As exigências relativas à exposição do fato criminoso com todas as suas circunstâncias, constantes no art. 41 do CPP, atendem à imprescindibilidade de se dever possibilitar, desde tão logo, o exercício da ampla defesa. Sabendo dos limites da imputação, poderá o acusado a ela se contrapor o mais amplamente possível "desde, então, a delimitação temática da peça acusatória, em que se fixará o conteúdo da ação penal" (PACELLI DE OLIVEIRA, 2008, p. 152).

É obrigação do acusador – Ministério Público ou ofendido – promover a imputação completa e bem descrita, sendo-lhe permitindo deixar de lado apenas as circunstâncias genéricas de elevação da pena (NUCCI, 2008). "[...] O acusado terá ampla defesa assegurada desde que os fatos, com todas as circunstâncias [específicas] que os envolvam, estejam bem descritos na denúncia" (NUCCI, 2006, p.197). Deveras, não é viável o exercício do direito fundamental de defesa por parte do acusado sem que saiba, com exatidão, qual o fato que lhe é imputado.

A imputação penal clara e precisa é, pois, que vai delimitar o espaço dentro do qual o acusado irá exercer seu direito fundamental à ampla defesa, porquanto, consabidamente, o mesmo se defende dos fatos narrados na denúncia ou queixa e não do artigo de lei mencionado no pedido de condenação. E mais. A imputação clara e precisa é uma necessidade processual "decorrente do princípio constitucional da ampla defesa visando impedir surpresas desagradáveis ao réu comprometendo sua dignidade enquanto pessoa humana" (RANGEL, 2000, p.1). Ex vi, art. 1º, inc. III, da CF/88.

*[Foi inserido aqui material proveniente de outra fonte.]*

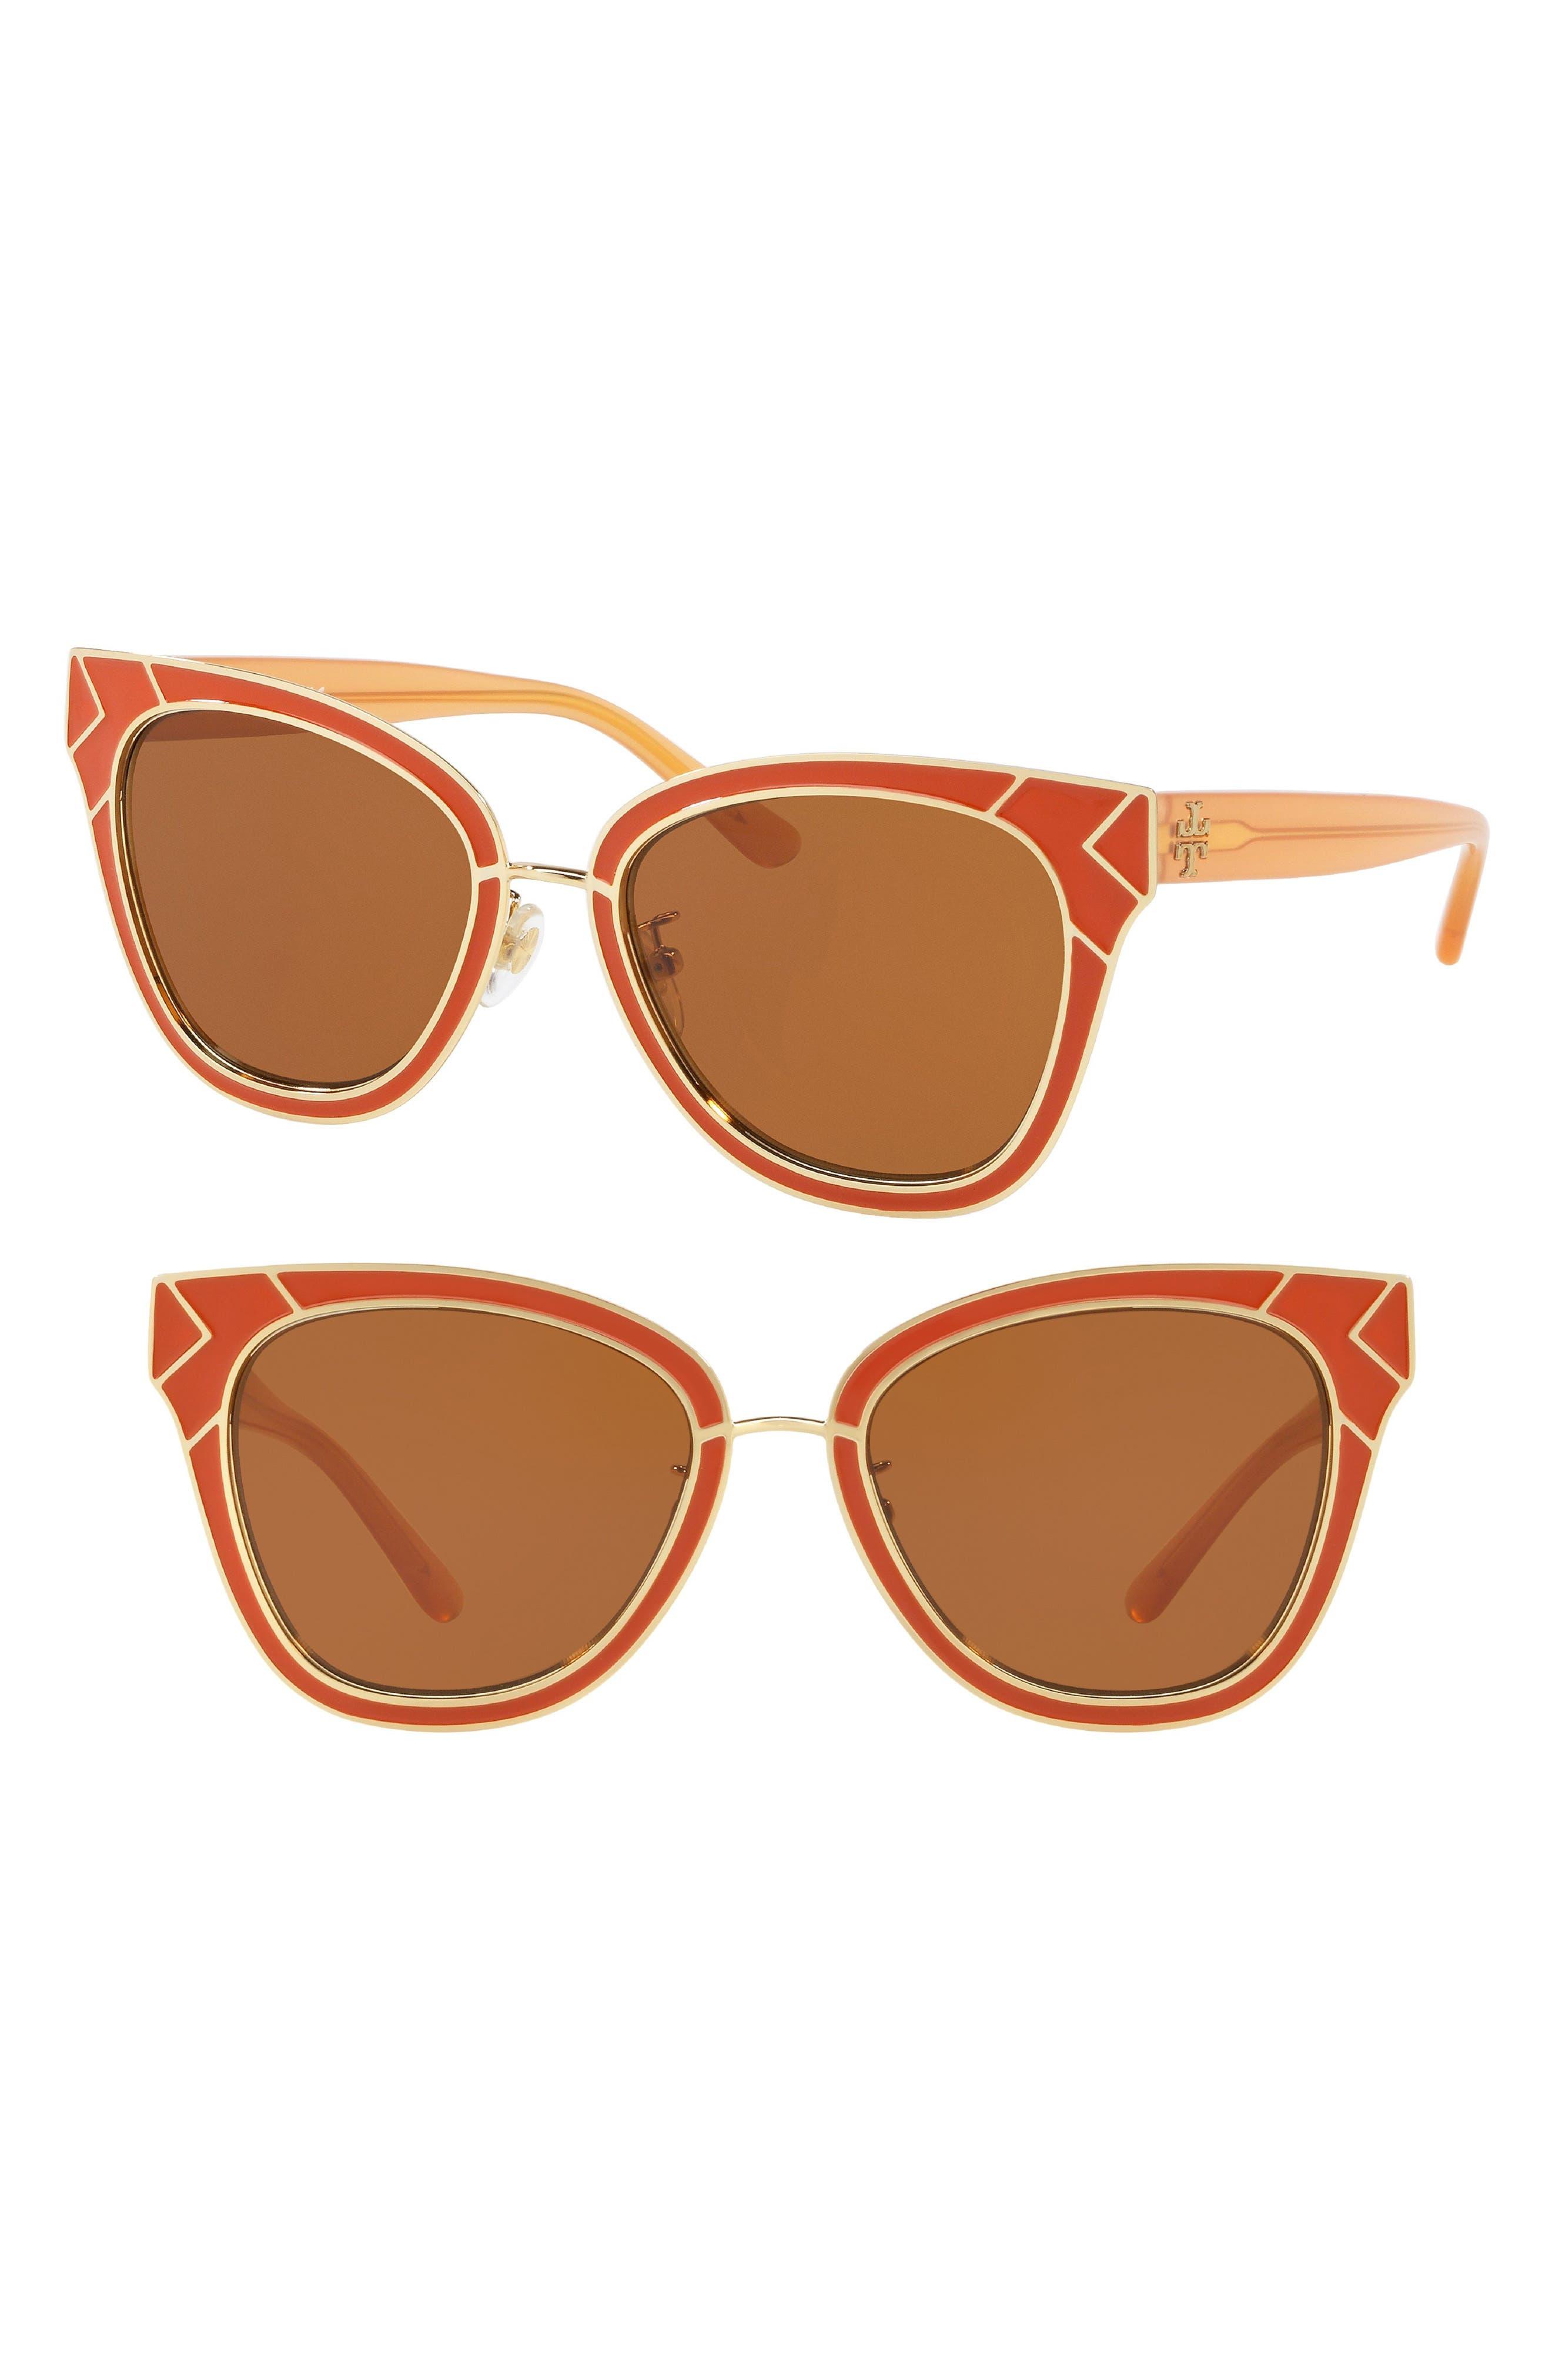 Enamel San Ray 53mm Sunglasses,                             Main thumbnail 1, color,                             Gold/ Orange
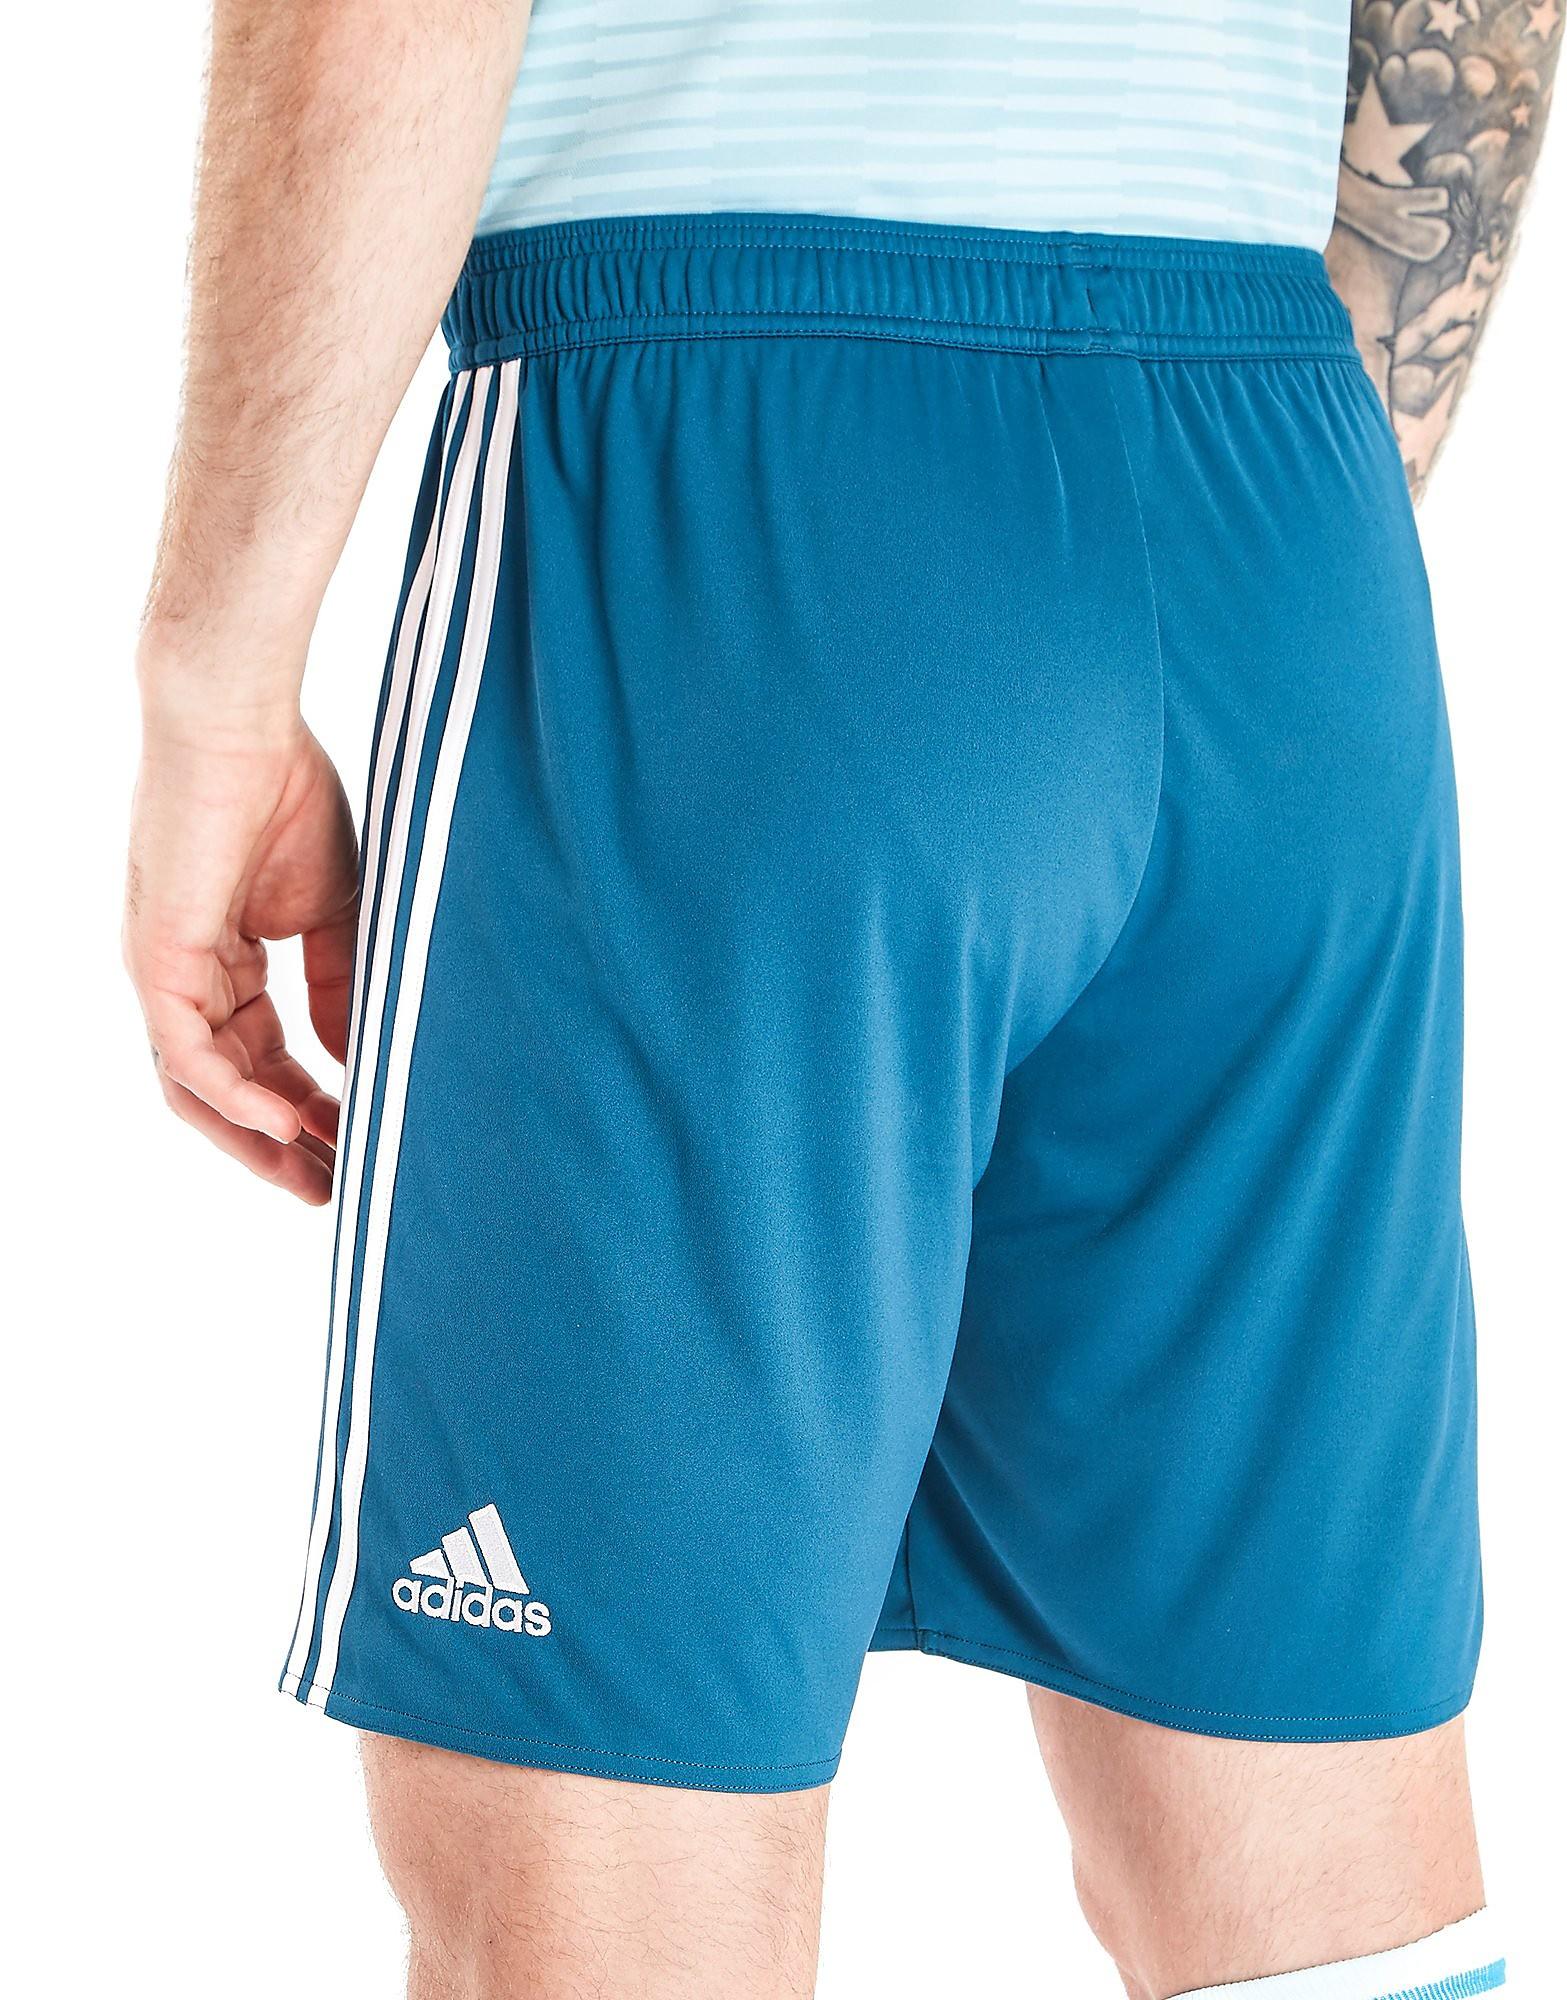 adidas Northern Ireland 2018 Away Shorts

Assim, no processo penal, também da garantia da ampla defesa (ou da plenitude da defesa, se a ação tramitar pelo rito do júri, a teor do art. 5º, inc. XXXVIII, alínea "a", da CF/88) decorre a GARANTIA DA IMPUTAÇÃO DELIMITADA, que não poderá ser vibrada pela denúncia ou queixa. E a vibração, aqui, ocorre com a simples possibilidade de imposição de sanção sem que possa o réu se defender ampla ou plenamente dos fatos que lhe foram (mal) imputados, pois "só a imputação por fato certo, explícito e bem definido é que fornece condições para a percepção da extensão e da profundidade da acusação, como propõe a garantia da ampla defesa" [grifamos] (BOSCHI, 2002, p. 2008).

Nesse compasso, como garantia do acusado, a garantia da imputação delimitada, para não ser vibrada com a diminuição do exercício da ampla defesa, impõe, inclusive, que, quando houver mais de um acusado, é necessário que se indique, com claridade e precisão, o que cada um deles realizou (Vide: art. 29, CP), evitando-se, assim, a denúncia ou queixa genérica, salvo absoluta impossibilidade. [01] "O ordenamento brasileiro repudia as acusações genéricas [...]" (STF, HC n.º 89.427/BA e HC n.º 84.436/SP). Neste peculiar, é necessário discernir, porém, que uma coisa é denúncia genérica e outra coisa é denúncia geral.

Quando o acusador imputa a todos os acusados o mesmo fato criminoso, indistintamente, independentemente da modalidade de contribuição, a hipótese não será de denúncia genérica e conseqüente inépcia da inicial, desde que seja certo e induvidoso fato a eles atribuído. "A questão relativa à efetiva comprovação de eles terem agido da mesma maneira é, como logo se percebe, matéria de prova, e não pressuposto de desenvolvimento válido e regular do processo" [grifamos] (PACELLI DE OLIVEIRA, 2008, p. 154).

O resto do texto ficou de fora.